Theta Muscae (θ Muscae) is a multiple star system in the southern constellation Musca ("the Fly"), containing a Wolf-Rayet star and two massive companions. With an apparent magnitude of 5.5, it is the second-brightest Wolf–Rayet star in the sky, although much of the visual brightness comes from the massive companions and it is not one of the closest of its type.

==Description==

Theta Muscae is a remote triple star system, the primary component of which is a carbon-sequence Wolf–Rayet star. This is a variety of highly-luminous hot blue star that has blown off its hydrogen envelope and is emitting heavier elements, in this case carbon, amid a strong stellar wind. Theta Muscae is the second-brightest such star in the sky after Gamma Velorum in Vela. θ Mus is beyond the current reach of useful visual parallax measurements, but has been estimated as around 7,400 light-years (460 million astronomical units) from Earth. While cataloging the stars in the far-southern sky, French explorer and astronomer Nicolas-Louis de Lacaille gave the star its Bayer designation in 1756.

==Triple system==
The triple star θ Muscae A is composed of two parts: a spectroscopic binary system composed of the Wolf–Rayet star (spectral type: WC5 or 6) and an O-type main-sequence star (spectral type: O6 or O7) that orbit each other every 19 days and a blue supergiant (spectral type: O9.5/B0Iab) set about 46 milliarcseconds apart from them.

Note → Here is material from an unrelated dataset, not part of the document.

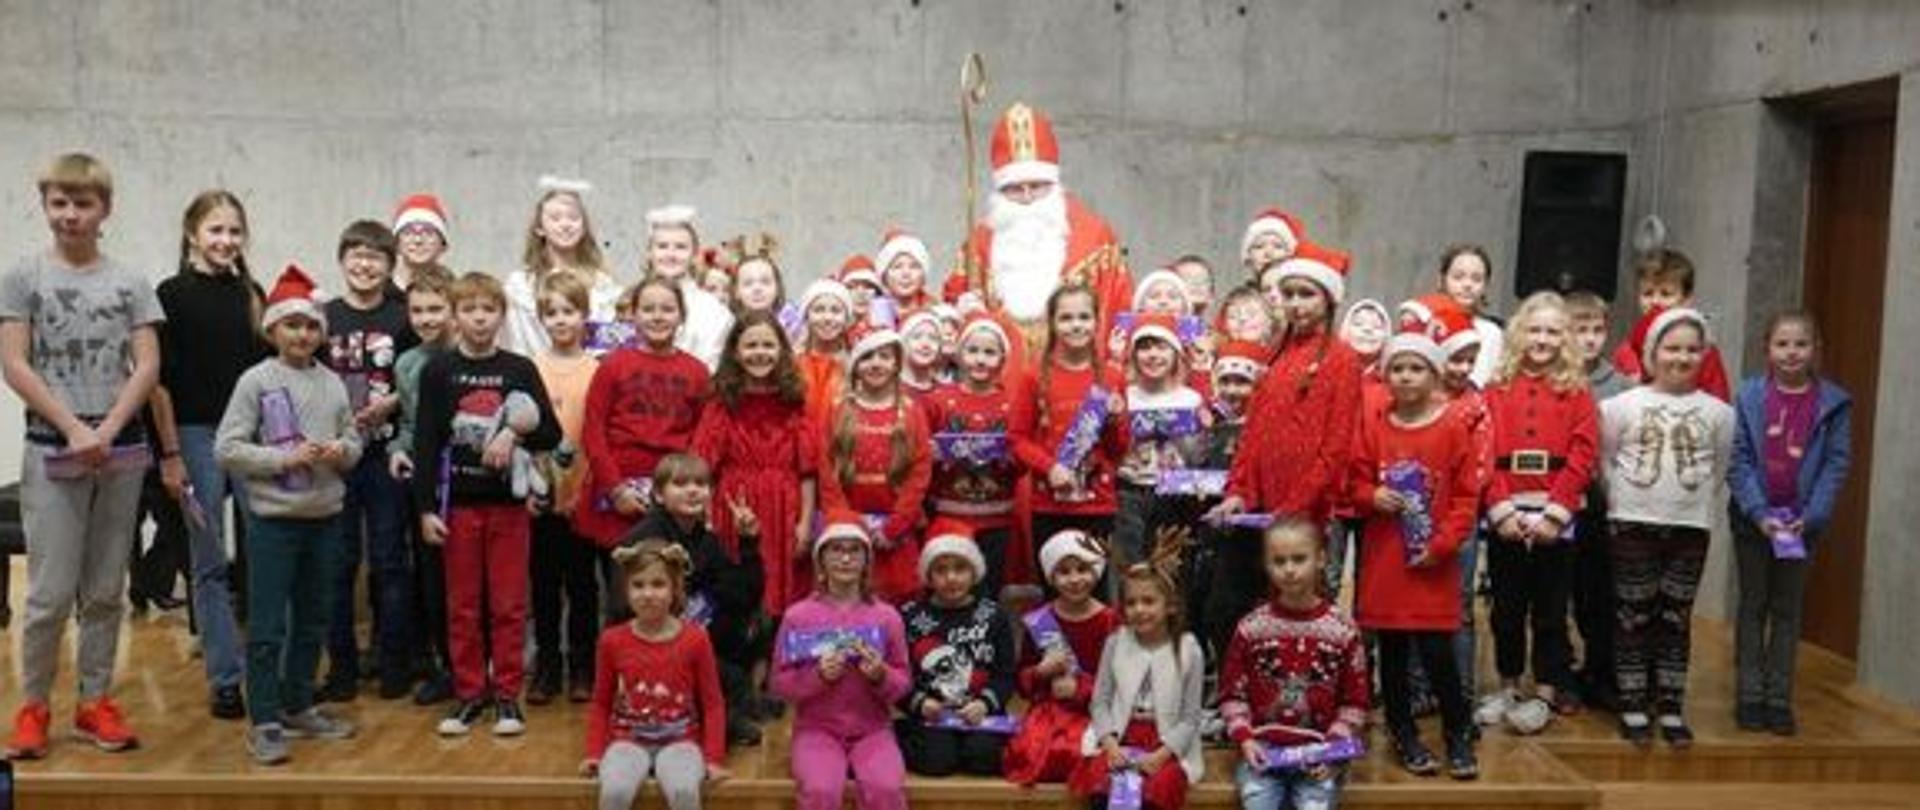 Zdjęcie przedstawia grupę dzieci w czerwonych czapkach siedzących na scenie wokół Świętego Mikołaja

If the system's estimated distance from Earth is accurate, the binary stars are about 0.5 AU apart and the supergiant about 100 AU apart from them. Although the Wolf–Rayet star dominates the spectrum, it is visually only about a quarter of the brightness of the supergiant companion. All three are highly luminous: combined, they are likely to be over a million times as luminous as the Sun. The stellar winds of the Wolf–Rayet star and its close companion are so powerful that they form a shock front where they meet. The front produces X-rays.

==Nebula==
A surrounding emission nebula is now thought to be a supernova remnant, not directly connected to θ Muscae.